Barry shook his head. ‘Shredded. On orders from the highest authority. All records to be destroyed.’

‘So there’s no record of what they were up to?’

He clapped his hands. ‘Shredded,’ he said. ‘But not before being copied.’

‘Shredded? And copied?’

‘What do you expect?’ said Barry. ‘I think it was something the cops and the new Opposition found themselves in agreement on. Think about it. The files represent about five billion hours of coppers standing around in the rain dying to have a piss. You shred them and a couple of years later another government gets elected and wants you to start all over again, spying on the same bunch of harmless sods. They say they went through three copiers. Twenty-four hours a day for days.’

‘Who’s got the copy?’

‘What copy? No-one’s ever admitted the files were copied.’

I said, ‘Barry, I’m talking life and death.’

He did another big head scratch, rolled his chair back till it hit a pile of books. The pile toppled, slithered to become a ziggurat.

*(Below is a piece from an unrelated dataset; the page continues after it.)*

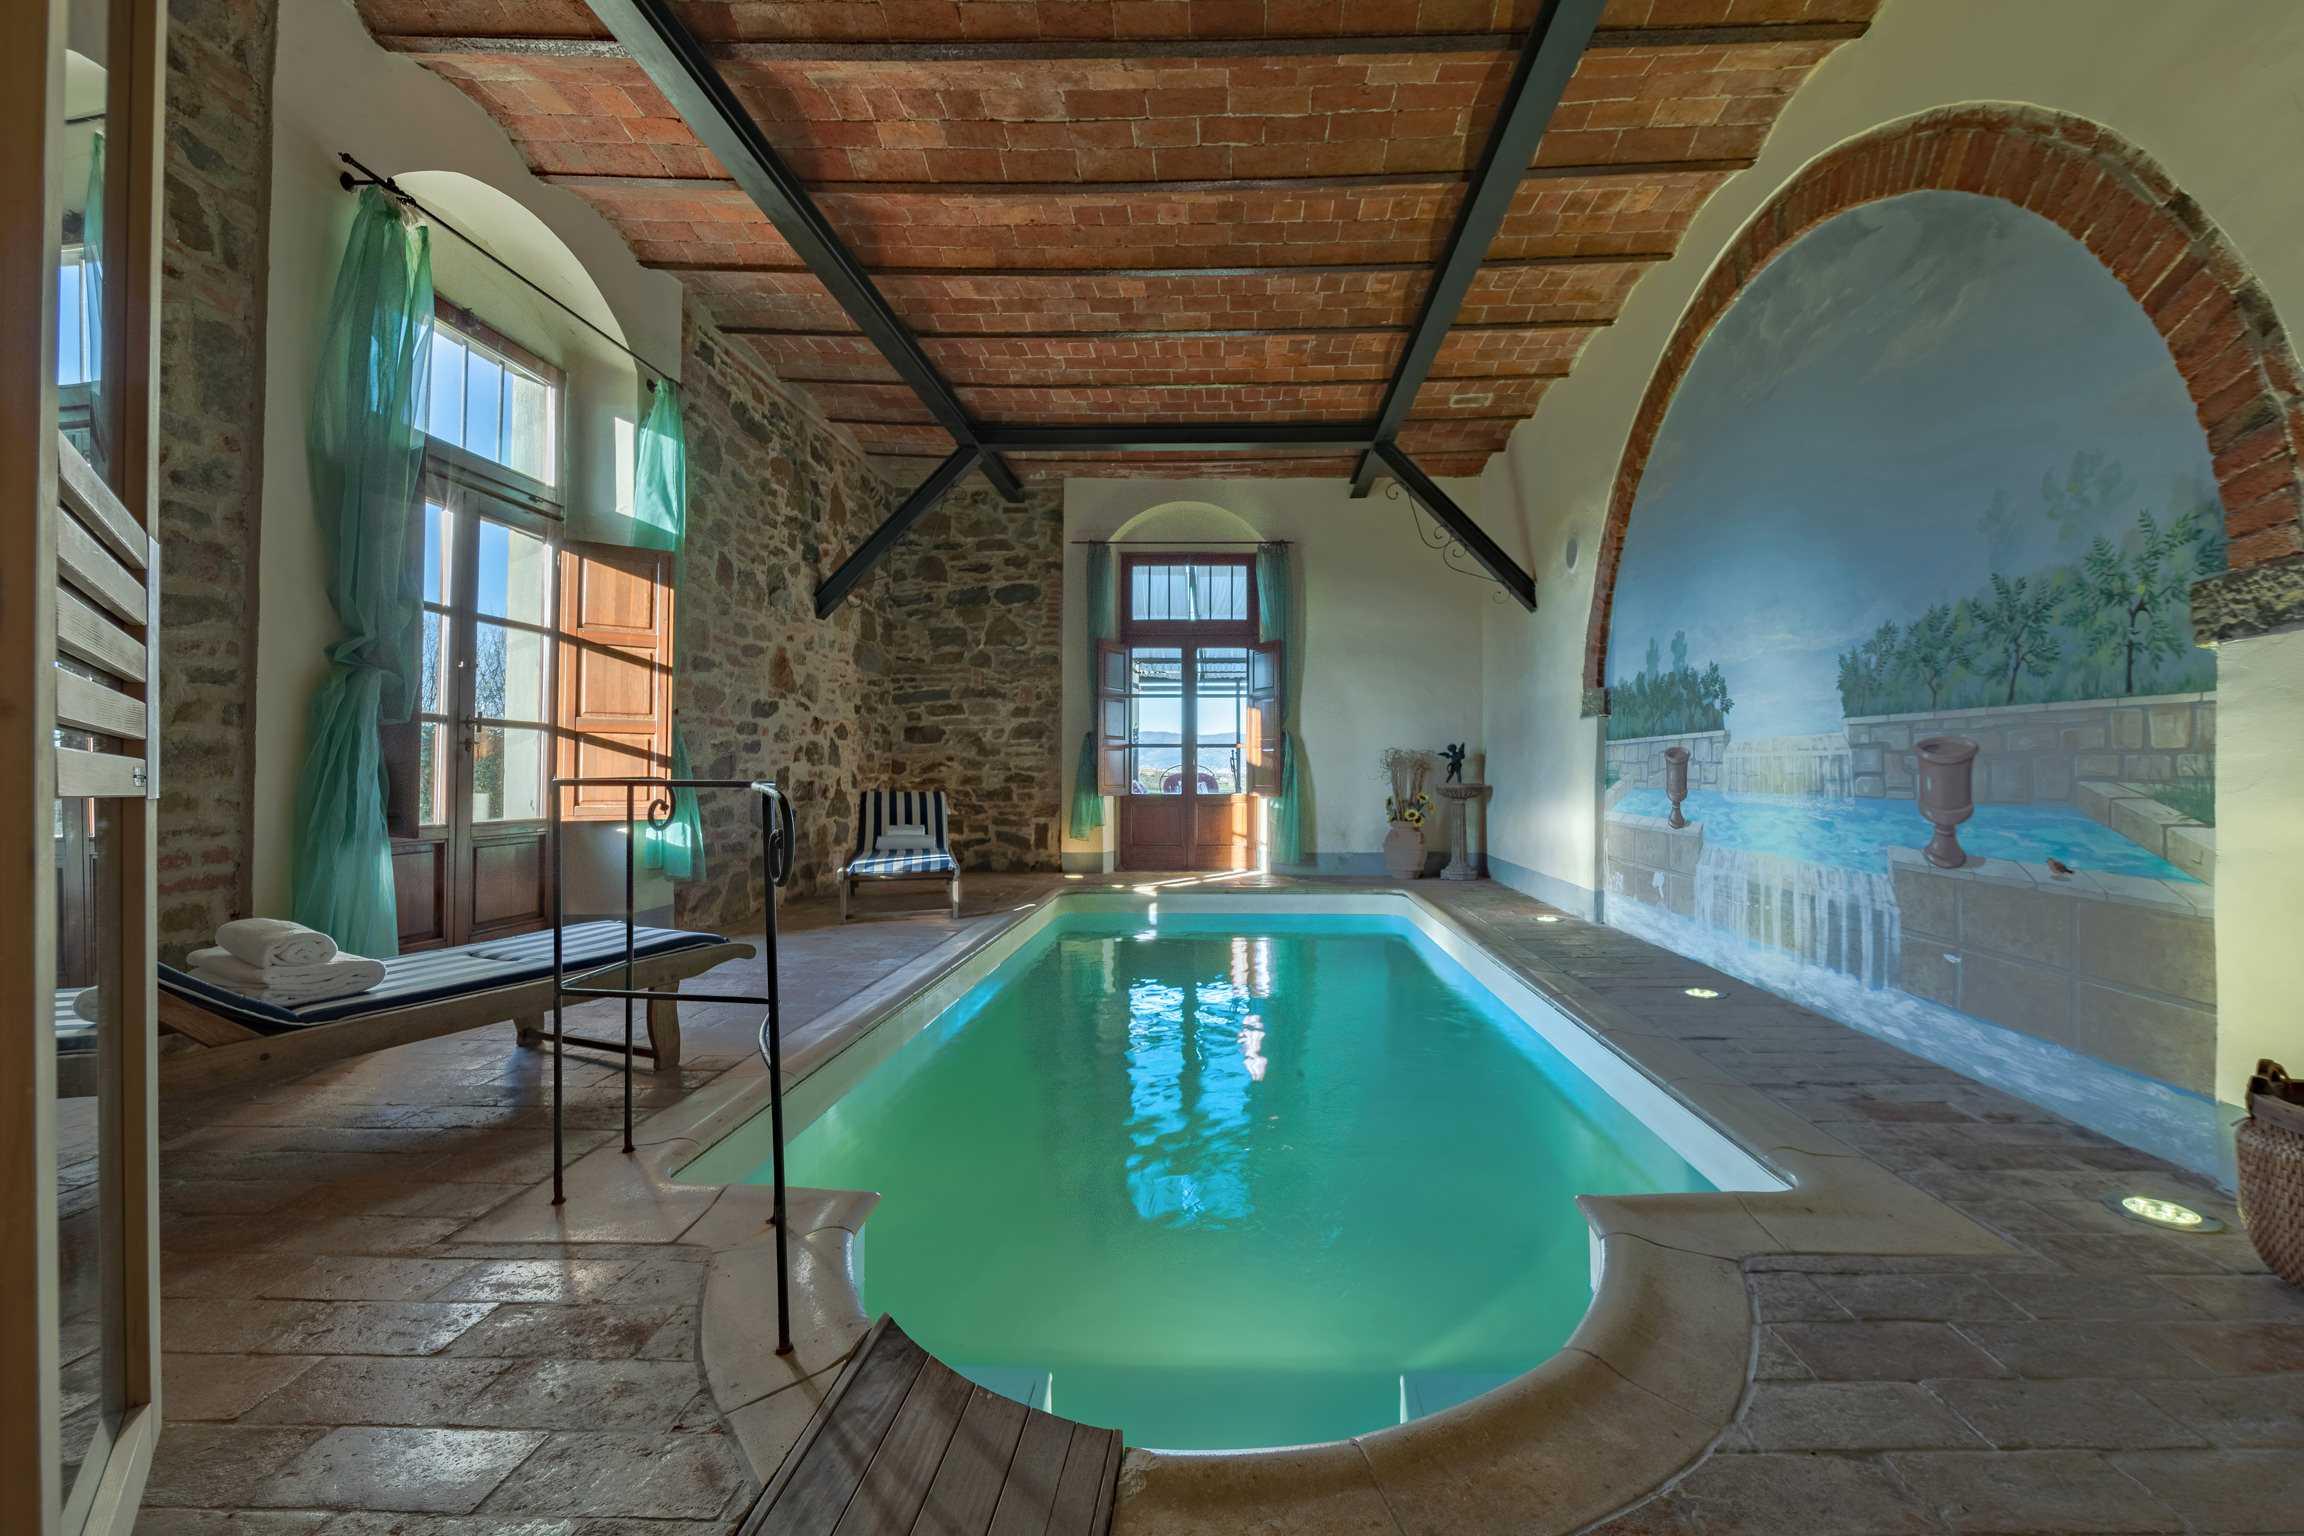 Villa de' Michelangioli binnenzwembad

‘Okay,’ he said. ‘I can’t promise you anything, though. I’ll ask a man who might be able to ask another man, who might know someone.’

I stood up. ‘I need to know today. It’s that bad.’

Barry stood up. His eyes were level with my middle greatcoat button. He looked up at me. ‘You serious?’

I nodded.

He nodded back, sadly. ‘I’ll go after my tutorial. You can’t phone him, this bloke. Paranoid. Give me the date and the name, anything that’ll help.’

‘God loves you, Barry,’ I said.

‘There is no God and you know it. Ring me at home after five. But I can’t promise anything. I don’t know if they copied this kind of thing.’ He paused. ‘I’m only doing this because of your old man’s record for Fitzroy, you know. I wouldn’t do it for you.’

‘I know that,’ I said. ‘Go Roys, make a noise.’

31

I found Linda at a laptop computer in a long, narrow room off the kitchen. A bench down one wall held three computers, one with a huge monitor, and two printers. The other wall was covered in corkboard, with dozens of computer-generated colour images stuck up. They seemed to be tryouts of the landscape paintings.